О черном рынке мы больше ничего не слышали до самой весны, когда вдруг до нас дошли слухи, что в Артемаре знаменитый шеф-повар Б. нелегально потчует своих старых клиентов превосходной едой. Гертруда Стайн тут же предложила отпраздновать мой день рождения званым обедом в Артемаре. Мы позвонили Б. и сказали ему, что мы и несколько наших друзей хотим навестить его, чтобы узнать, как он поживает. В те дни люди были осторожны в разговорах по телефону, как, впрочем, и вообще на публике.

Он ответил, что будет счастлив снова увидеть всех нас, и, как бы между прочим, спросил, сколько нас будет. Итак, в Артемаре в час дня нас должна была ожидать дюжина друзей. Средства передвижения были странными и случайными. Мы собирались приехатьс доктором и его женой на их маленьком автомобиле — докторам была положена небольшая норма бензина, — а он по дороге заодно навестит и своих пациентов. Пятеро из наших гостей пожаловали на высокой рессорной двуколке их фермера, которую тянула громадная старая кляча, немцы ее посчитали бесполезной и не реквизировали. Двое наших друзей прибыли на миниатюрной легкой тележке, выкрашенной во все цвета радуги и запряженной шетландским пони, все это богатство они недавно приобрели задорого у цирковой семьи, встреченной на дороге. Другие прикатили на велосипедах или пришли пешком. Несмотря на гнетущую всех оккупацию, мы рады были встретиться вновь в предвкушении пира, который готовил для нас Б. Мы пошли к нему на кухню, где забытые ароматы и меню, которое он нам показал, привели нас в приятное возбуждение. Еда, к которой мы вскоре приступили, была изумительной:

Заливное из фуа-гра — Форель в рубашке — Тушеные голуби — Картофель на шнурке — Барон из ягненка — Жардиньер из весенней моркови — Репчатый лук — Верхушки спаржи — Зеленая фасоль в корзиночке — Салат с трюфелями Земляничный торт…

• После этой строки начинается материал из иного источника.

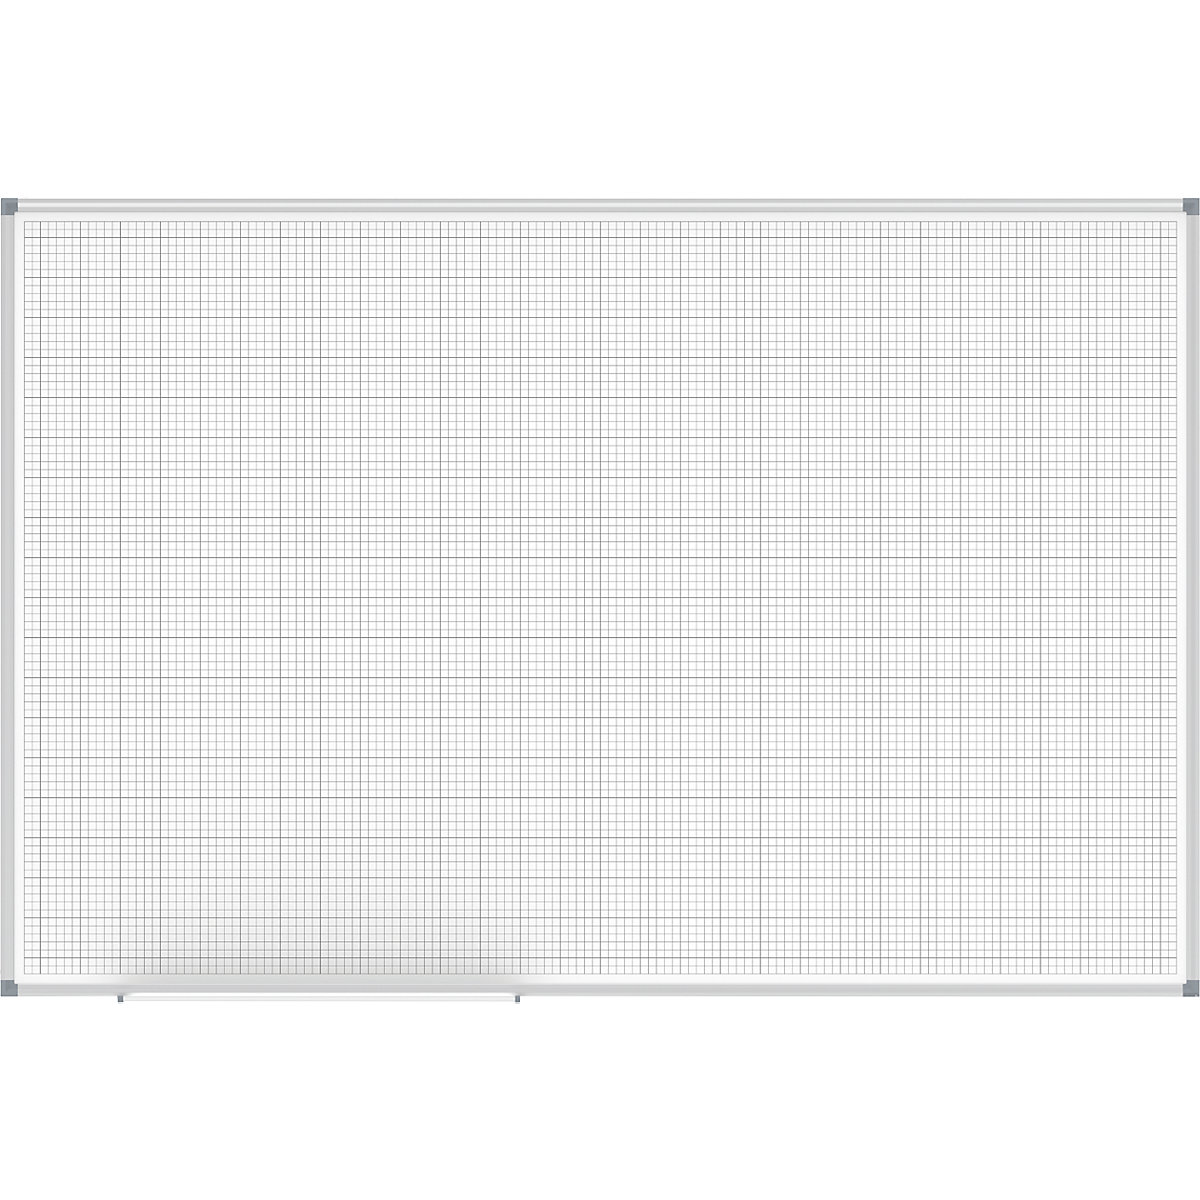 Tablă cu caroiaj MAULstandard, albă – MAUL, caroiaj 10 x 10 / 50 x 50 mm, lăț. x î. 1500 x 1000 mm-3

"К осени 1943 года еда уже перестала быть главной темой разговоров. Мы с нетерпением ждали вторжения и освобождения. В 1940 году я наготовила и припрятала среди других ценных продуктов 4 фунта цитронов, засахаренной апельсиновой и лимонной корки, ананасов и вишен и 2 фунта изюма и все это плотно закупорила в двух стеклянных банках. Наши друзья знали об этом тайнике и что его сохраняют для фруктового кекса на день Освобождения. Время от времени я осматривала банки, чтобы убедиться, что фрукты не пересохли. Они очень ободряли меня в те особенно мрачные дни зимы и ранней весны 1944 года. Наконец пришла весна. Даже болезнь ранних ростков картофеля не могла испортить нам настроения — мы собирали гнусных жуков руками. Когда движением Сопротивления было устроено крушение локомотива, везшего в Швейцарию цистерны с испанским вином, наш мэр, который был не в состоянии охранять уцелевшие цистерны, реквизировал вино. Он разделил его между 250 членами оккупационных войск и примерно 1500 местных жителей. Каждый из нас получил по 12 кварт. Доля Гертруды Стайн и моя были припрятаны до празднования Освобождения. Слуги, знатоки не очень тонкие, уверяли, что вино на самом деле неплохое.

С каждым днем новости становились все более горячими, обнадёживающими, как раз в это время у нас были расквартированы два офицера и тридцать солдат итальянской армии; офицеры, естественно, в доме, а солдаты в гаражах и комнатах для шоферов, и все в беспокойной близости от огорода и фруктовых деревьев. Станут ли они уважать то, что напрочь исключено из армейского рациона? Их капитан заверил, что все останется в сохранности, и к нашему удивлению, так оно и было. Изредка один из них заглядывал на огород поговорить со мной, когда я бродила среди овощей, а ветер доносил мучительно вкусные запахи minestrone из огромного котла, кипевшего под деревьями внизу. Вскоре солдаты стали продавать на черном рынке сигареты, которые были лишними для них, но для меня при моем бестабачье оказывались сущим спасением. Итальянский табак был вполне приемлемым; наша молодая прислуга то же полагала и про итальянских солдат. Двум офицерам, расквартированным у нас, прислали три фунта пармезана. При виде его мы лишились покоя и самообладания и пригласили всех на некоторое подобие фондю"… (Следует рецепт фондю).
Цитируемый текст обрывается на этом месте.